Assignment
Taking the data below, please print only the lines from the line holding "Ein elegant gearbeiteter" to the line holding "Dieser Käfig hat", inclusive, with pictures omitted.

Provided records
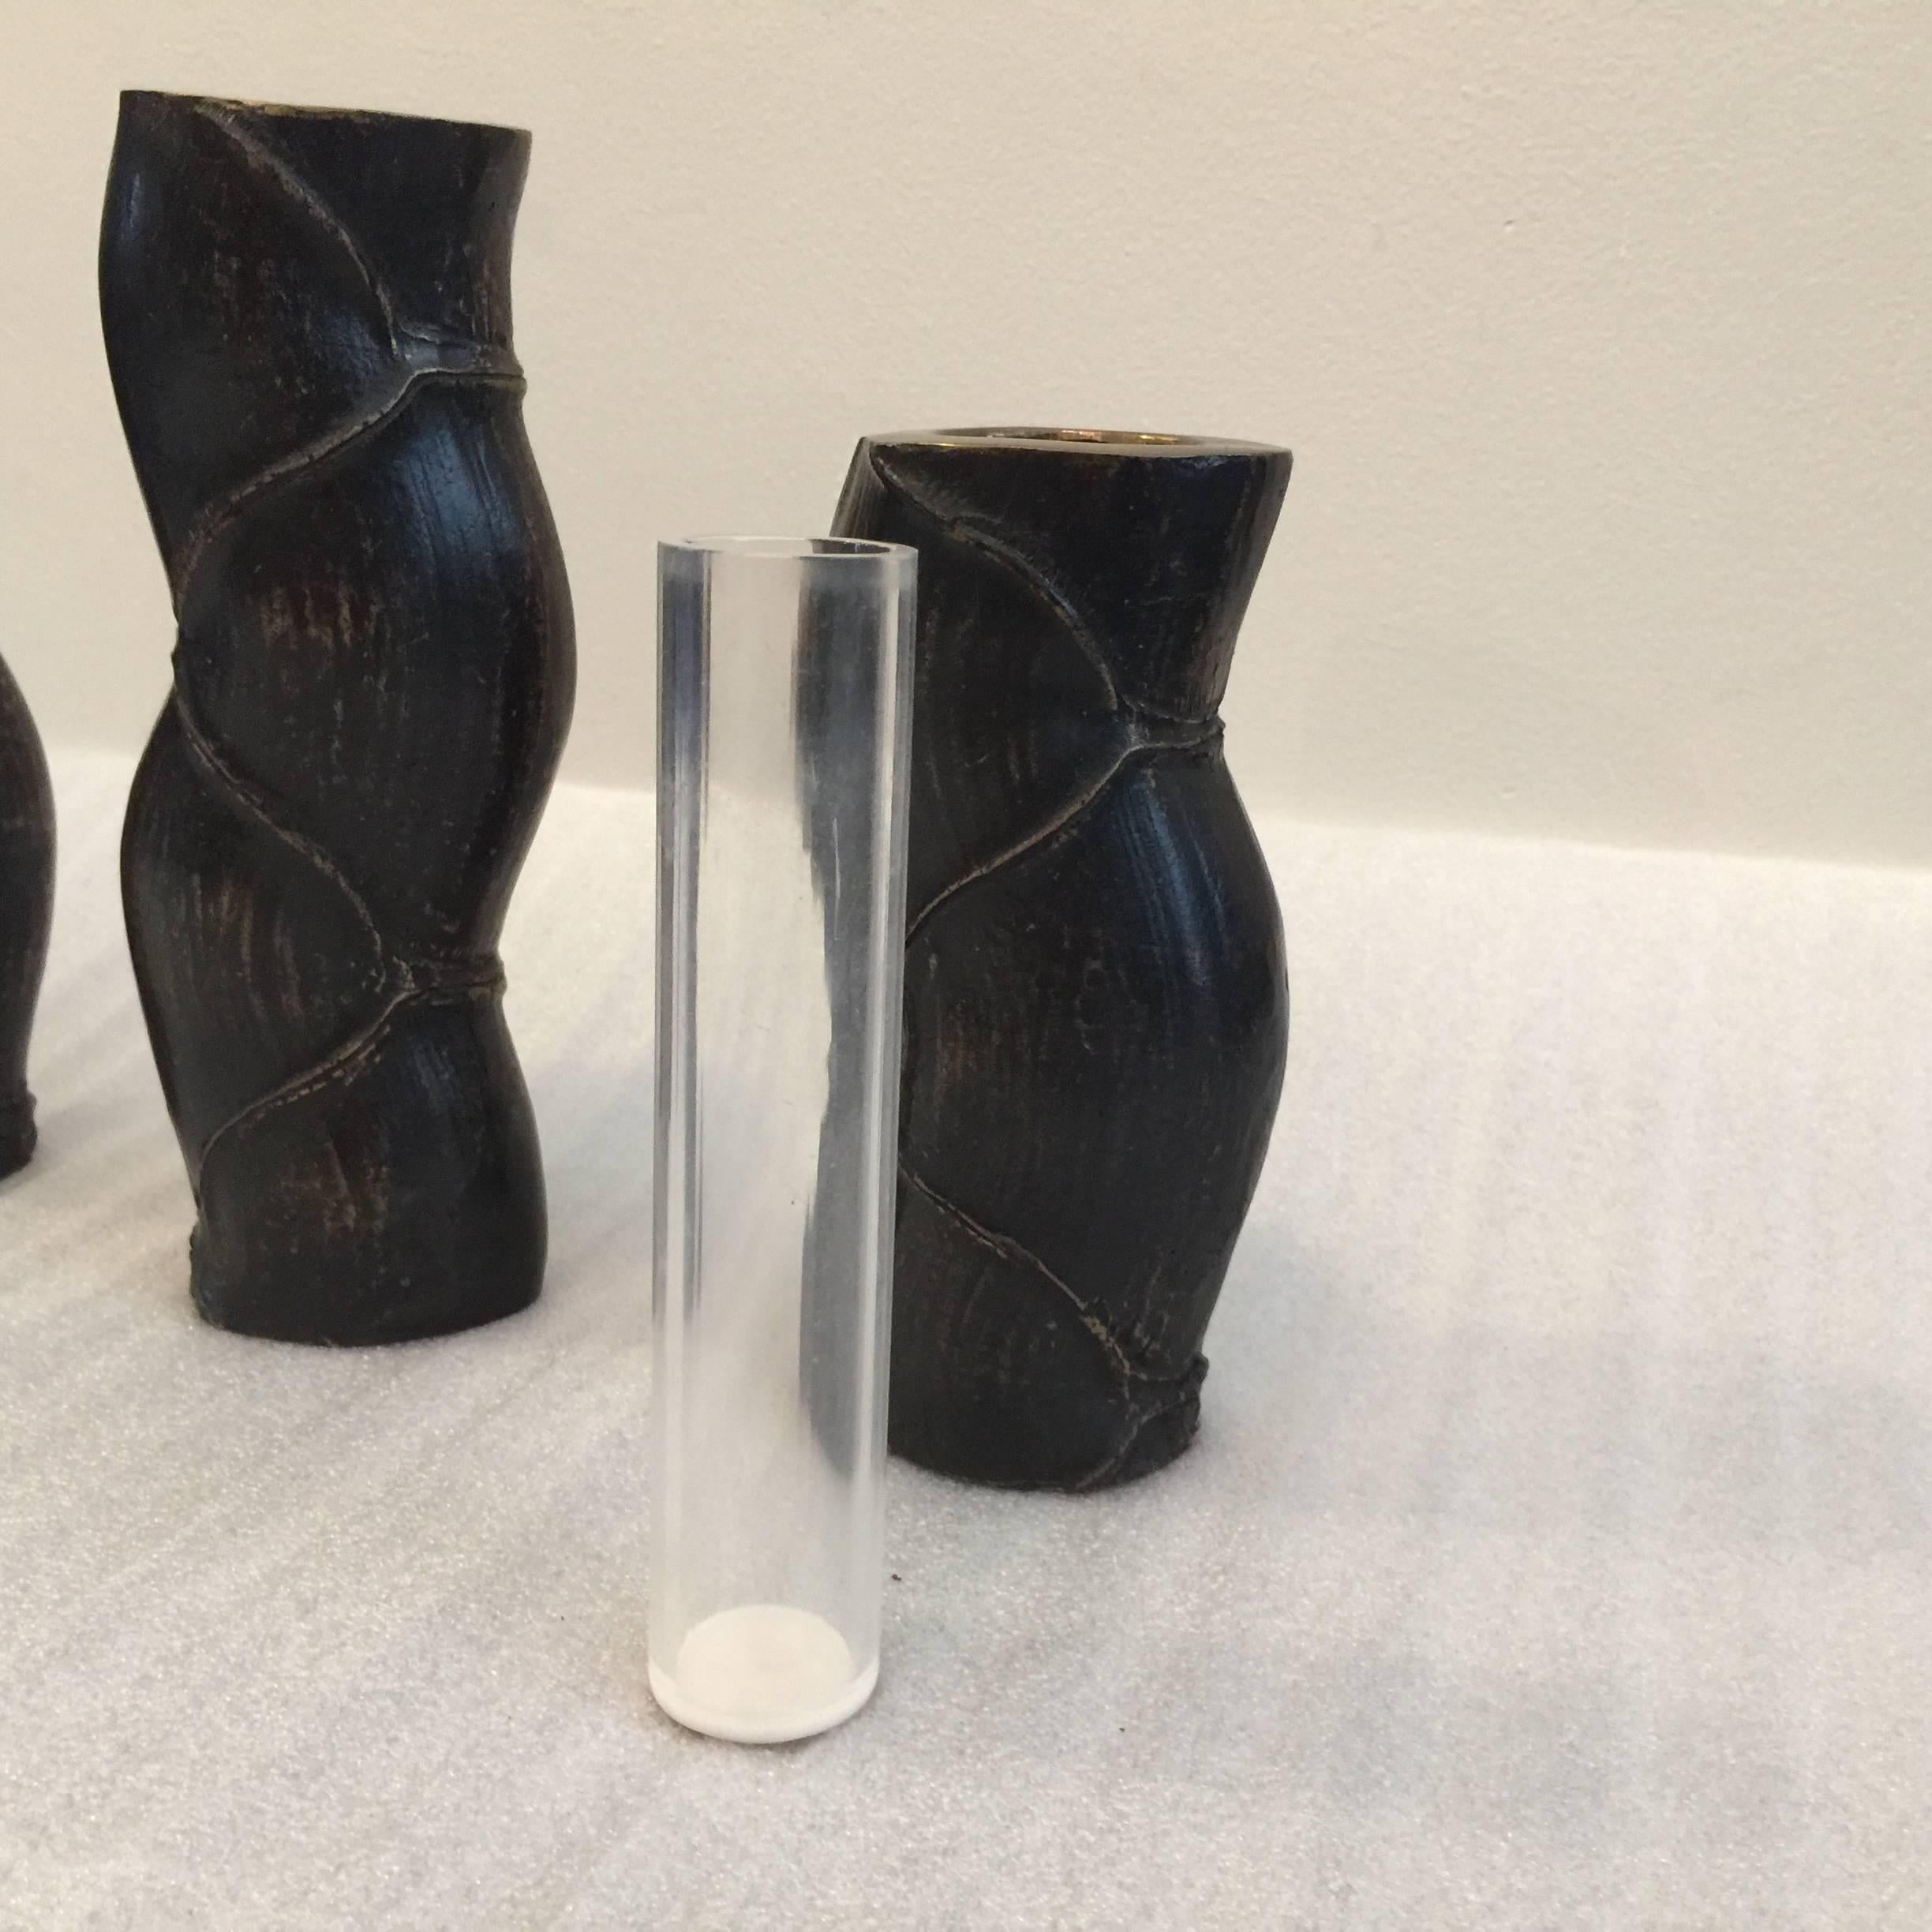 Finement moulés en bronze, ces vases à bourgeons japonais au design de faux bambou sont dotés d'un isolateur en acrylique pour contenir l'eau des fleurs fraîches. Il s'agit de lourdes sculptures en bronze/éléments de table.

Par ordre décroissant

==

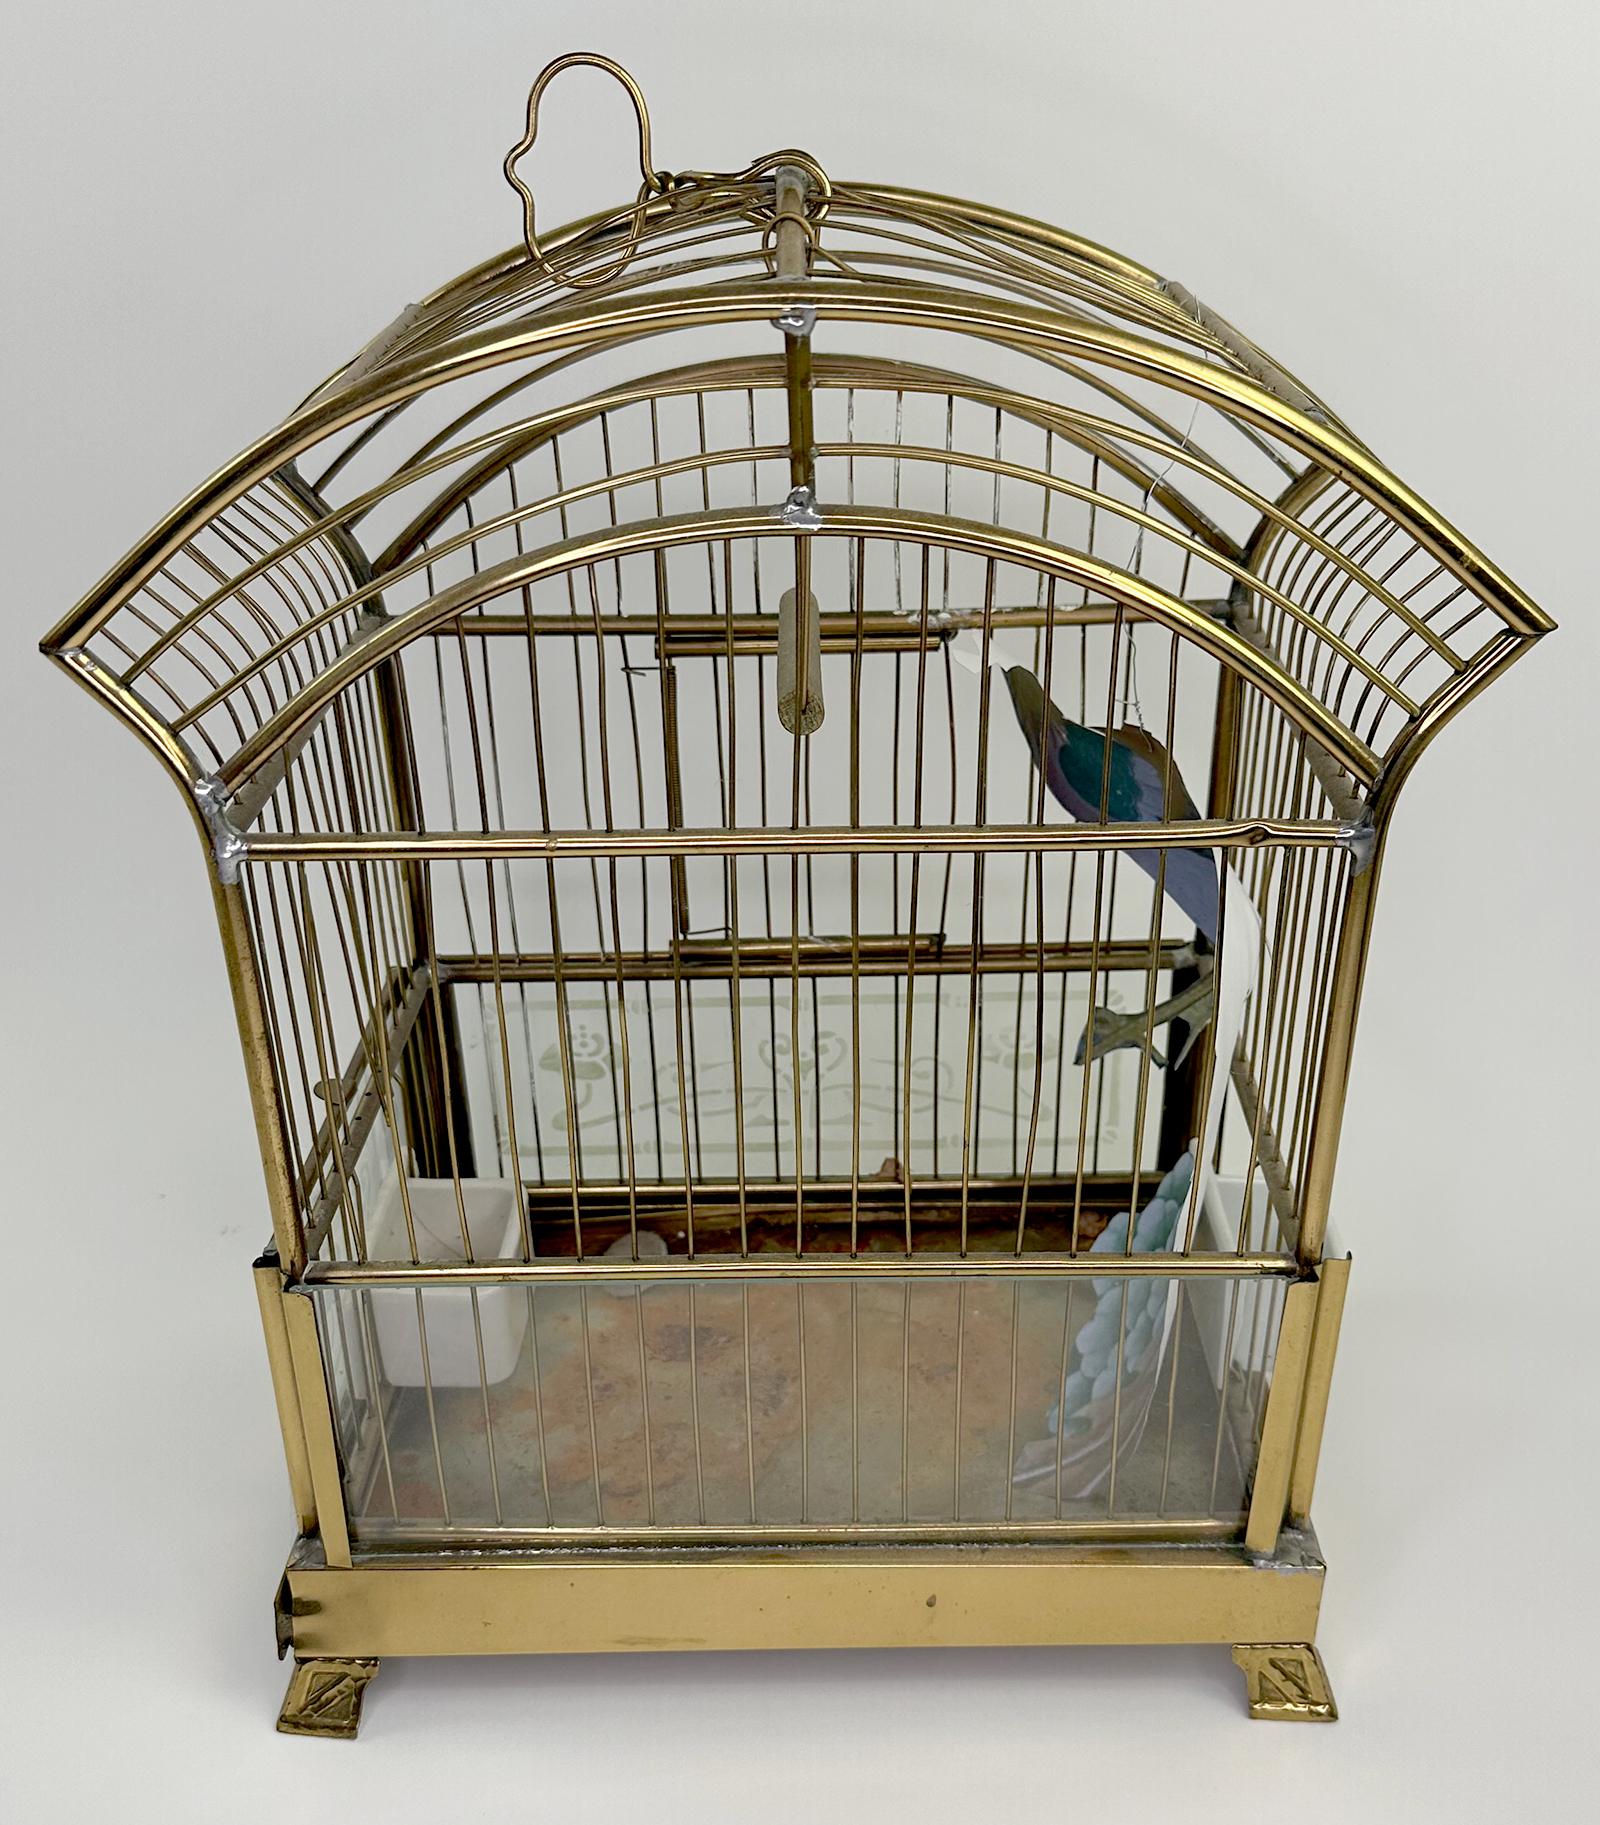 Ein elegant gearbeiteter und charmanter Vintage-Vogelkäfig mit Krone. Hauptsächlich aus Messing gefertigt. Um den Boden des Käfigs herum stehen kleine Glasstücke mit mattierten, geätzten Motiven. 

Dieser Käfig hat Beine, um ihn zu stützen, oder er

Task answer
 Ein elegant gearbeiteter und charmanter Vintage-Vogelkäfig mit Krone. Hauptsächlich aus Messing gefertigt. Um den Boden des Käfigs herum stehen kleine Glasstücke mit mattierten, geätzten Motiven. 

Dieser Käfig hat Beine, um ihn zu stützen, oder er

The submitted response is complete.